Did you know that your cottage is not safe from capital gains? Yes, there really aren’t many assets left that we own that don’t attract some form of tax.
Capital gains in this type of situation are straightforward. If you sell your cottage for more than its purchase price you will be taxed on the difference. In Ontario, that tax is approximately 25% of the difference in purchase price and the eventual sale value.
With the housing boom in recent years, most properties have seen a significant increase in value. What does that mean? Well, the capital gain you pay on that picturesque little cottage you purchased back in 2006 is going to be a tidy sum.
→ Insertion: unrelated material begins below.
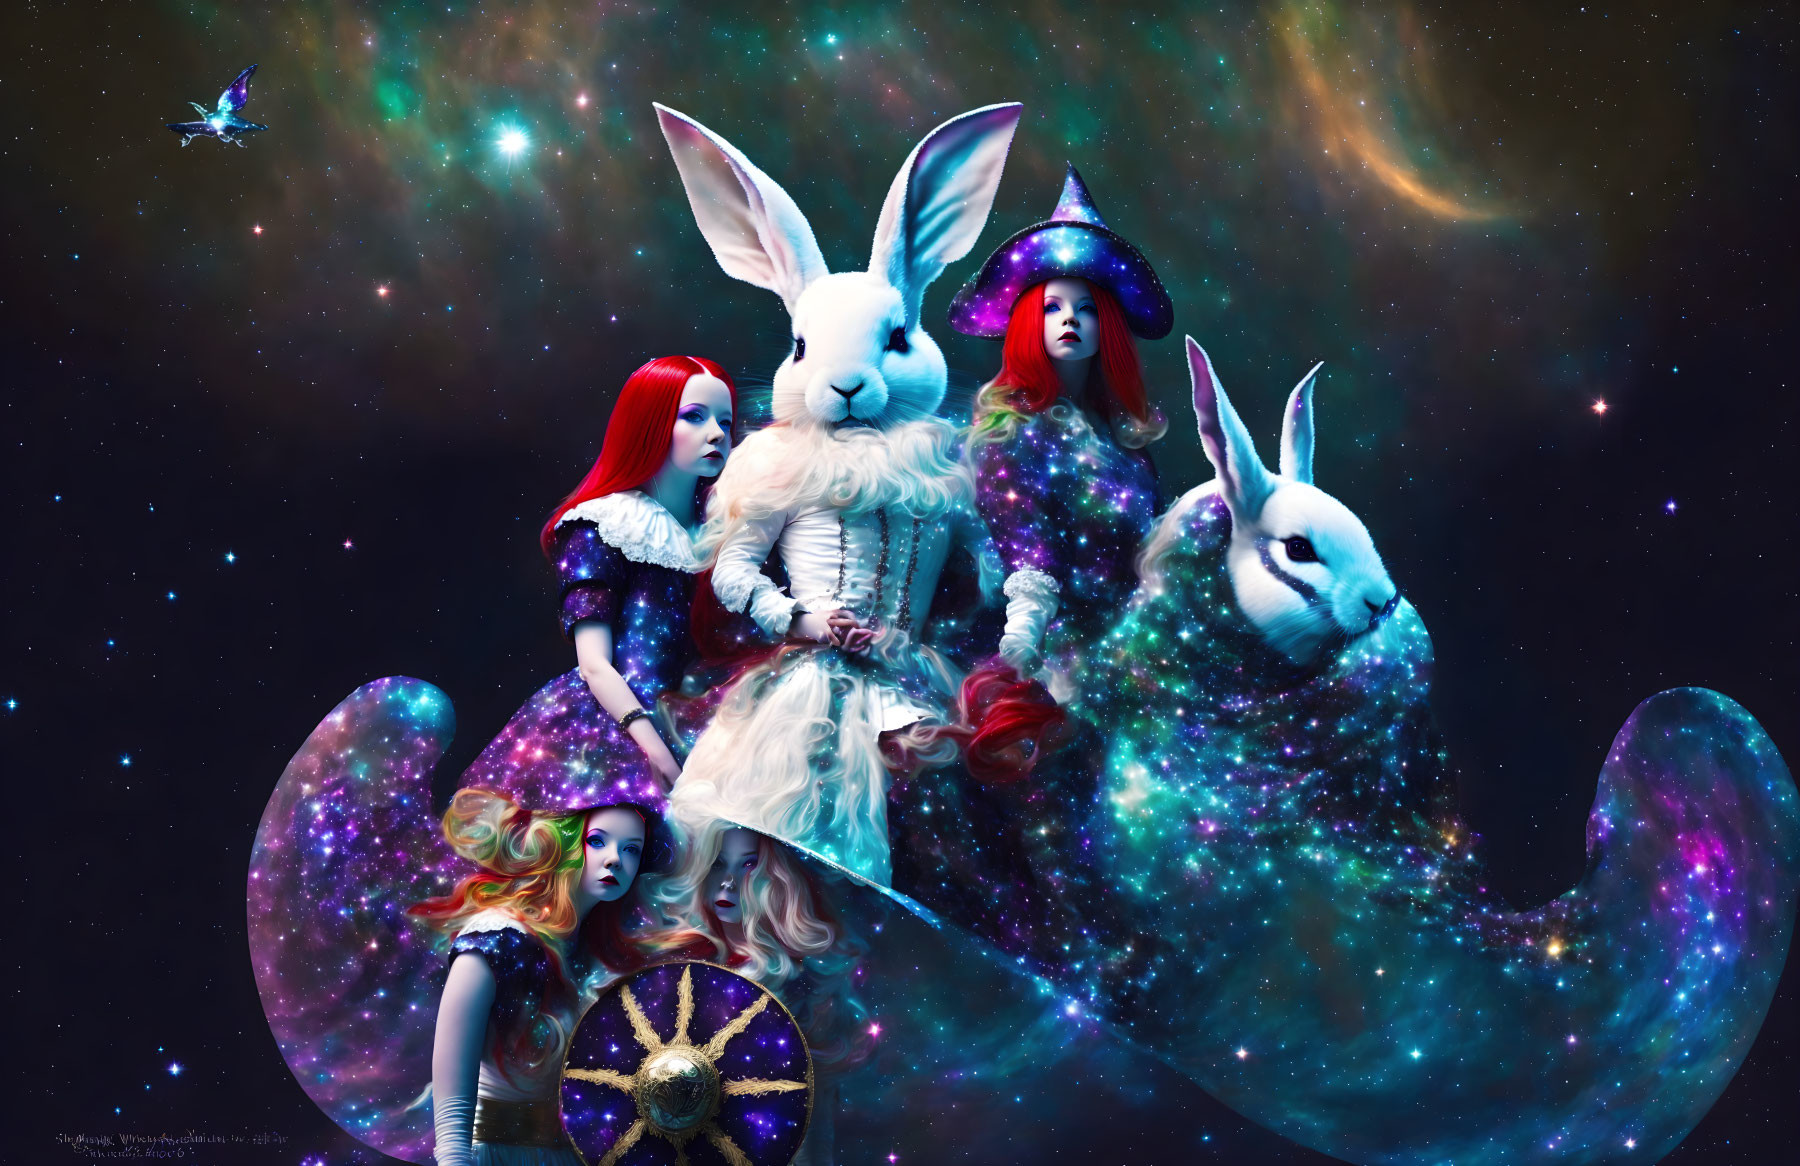 Whimsical cosmic scene with surreal characters in rabbit heads and galaxy backdrop

Whether you sell your cottage or gift it to your kids, capital gains can be largely unavoidable.
However, there are ways to plan when it comes to dealing with capital gains on your cottage.
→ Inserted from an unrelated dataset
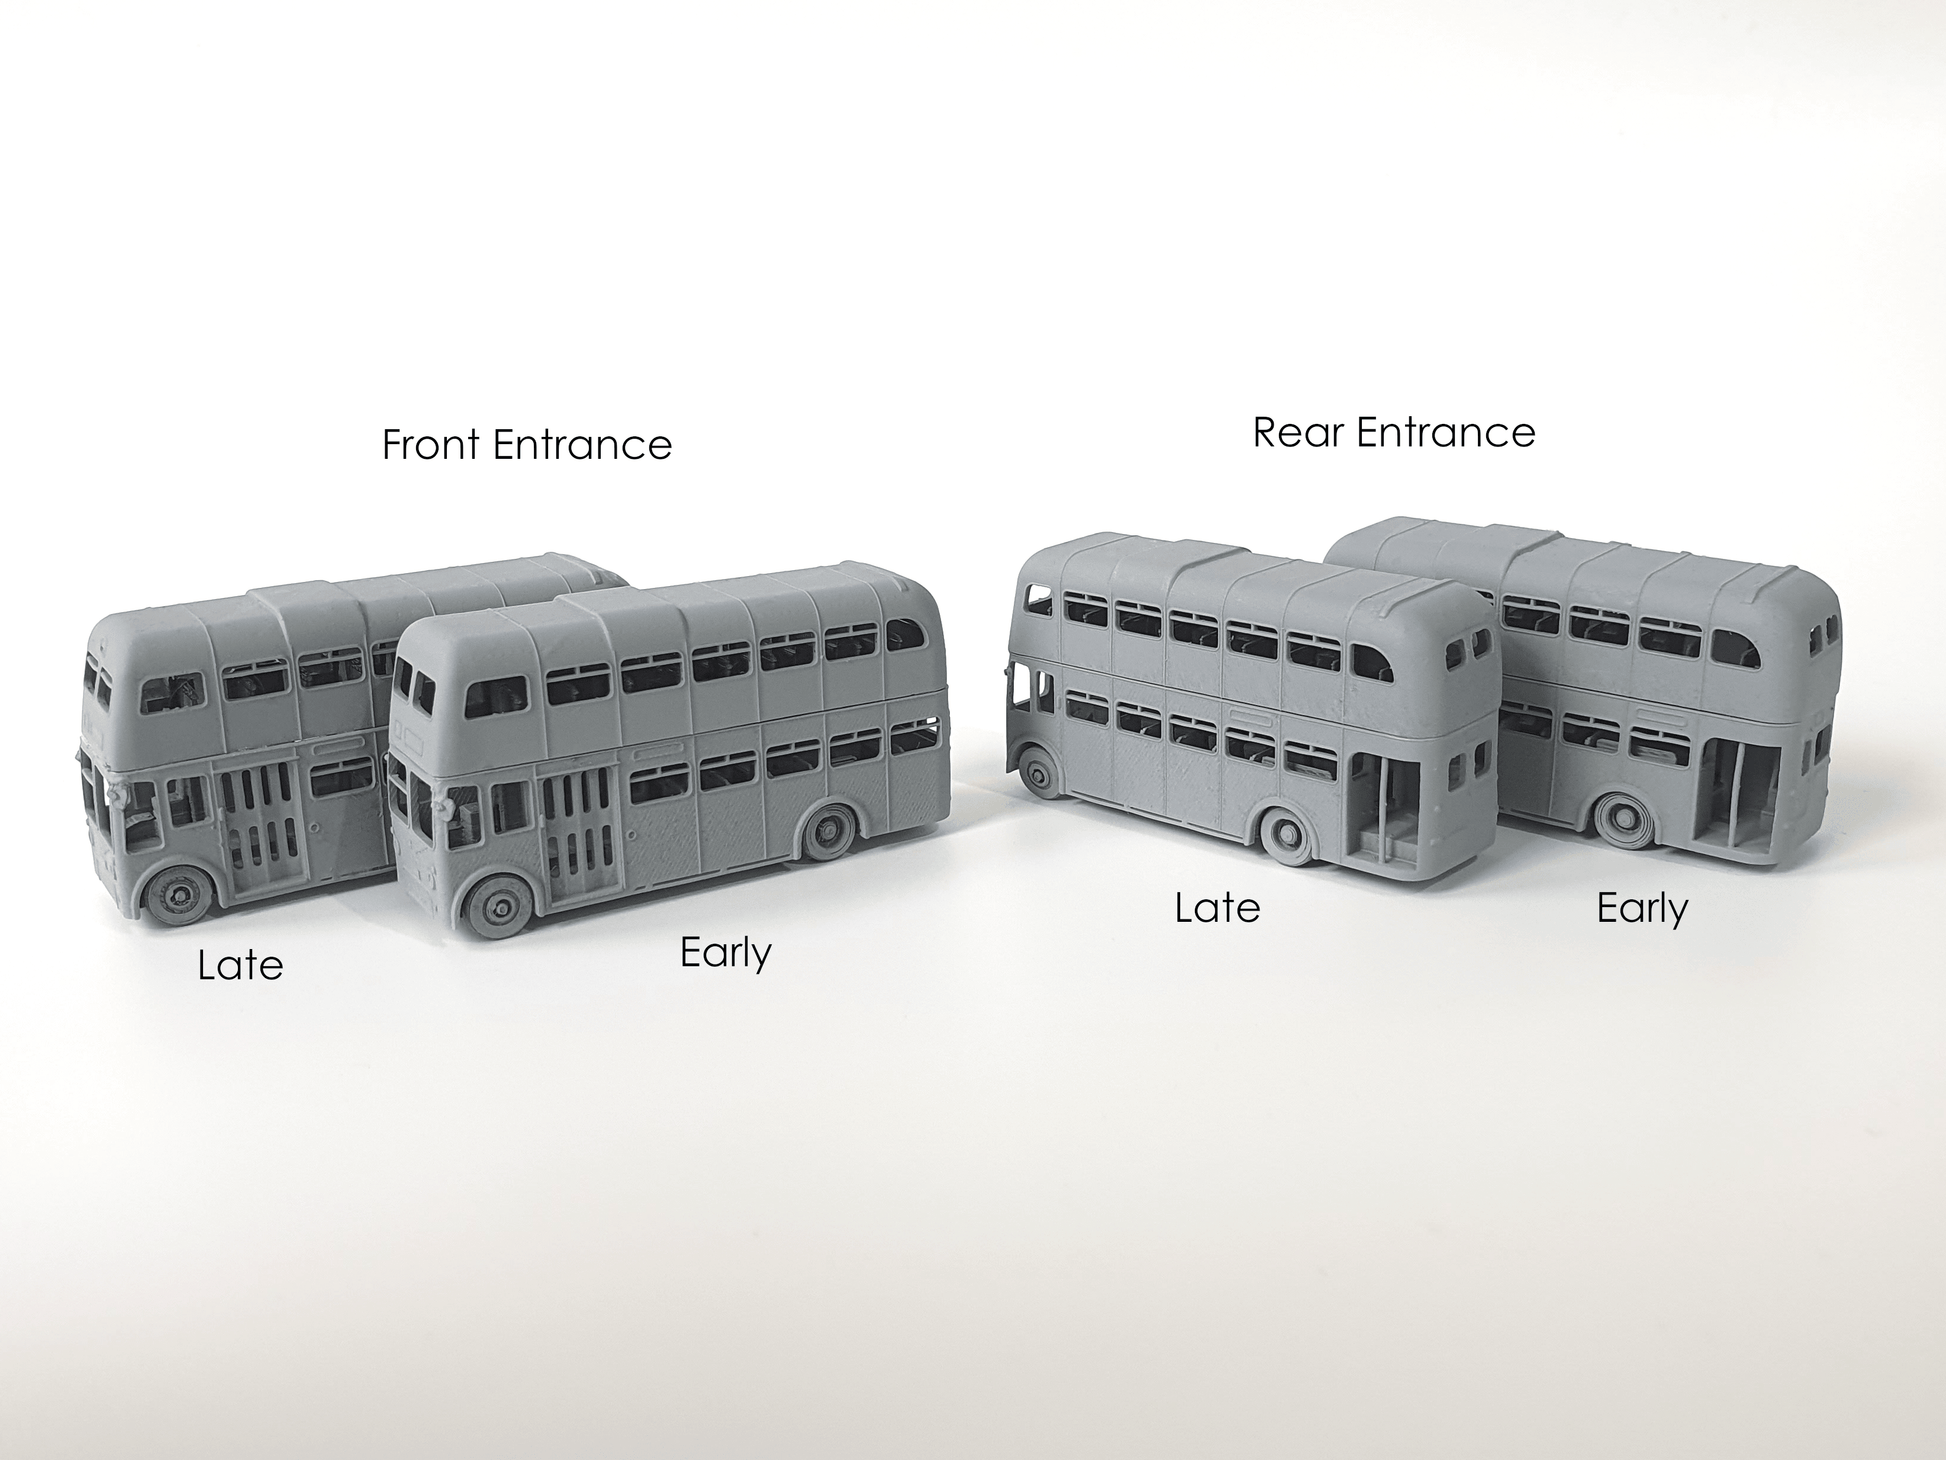 Collection of four N gauge scale model Bradford Trolleybuses, labelled with the version- Three Peaks Models

First, you can consider setting up a fund and saving for the capital gain payment in advance – years before you end up selling or otherwise disposing of the property.
You can consider setting up a living trust for the cottage. While this approach gives you greater long-term control over your cottage, you’ll likely still be taxed for capital gains to the date of the transfer.
Purchasing life insurance is another option to addressing capital gains of this nature. Couples can consider buying a joint and last-to-die life insurance policy. This type of policy, which costs less than an individual policy, is paid out when the surviving spouse dies. If the couple initially holds the property jointly with a right of survivorship, the property passes solely to the surviving spouse when the first spouse passes away. Eventually the cottage can be passed on to the surviving spouse’s beneficiaries under their will. At the death of the second spouse the insurance benefit is paid to their beneficiary or their estate which can be used to cover the tax bill.
If you are nearing retirement and your cottage has appreciated in value more than your current home, you can consider designating your cottage as your primary residence and selling your home. The Canada Revenue Agency will allow this “principal residence exemption” only if you report the sale and designation of the principal residence in the capital gains section of your tax return.
The above are just a few options you can consider. Whichever option you choose, each has its advantages and drawbacks. Be sure to consult with a lawyer to determine which option is best for you. In the meantime, enjoy some time away at that capital gains magnet of yours – er, we mean your cottage.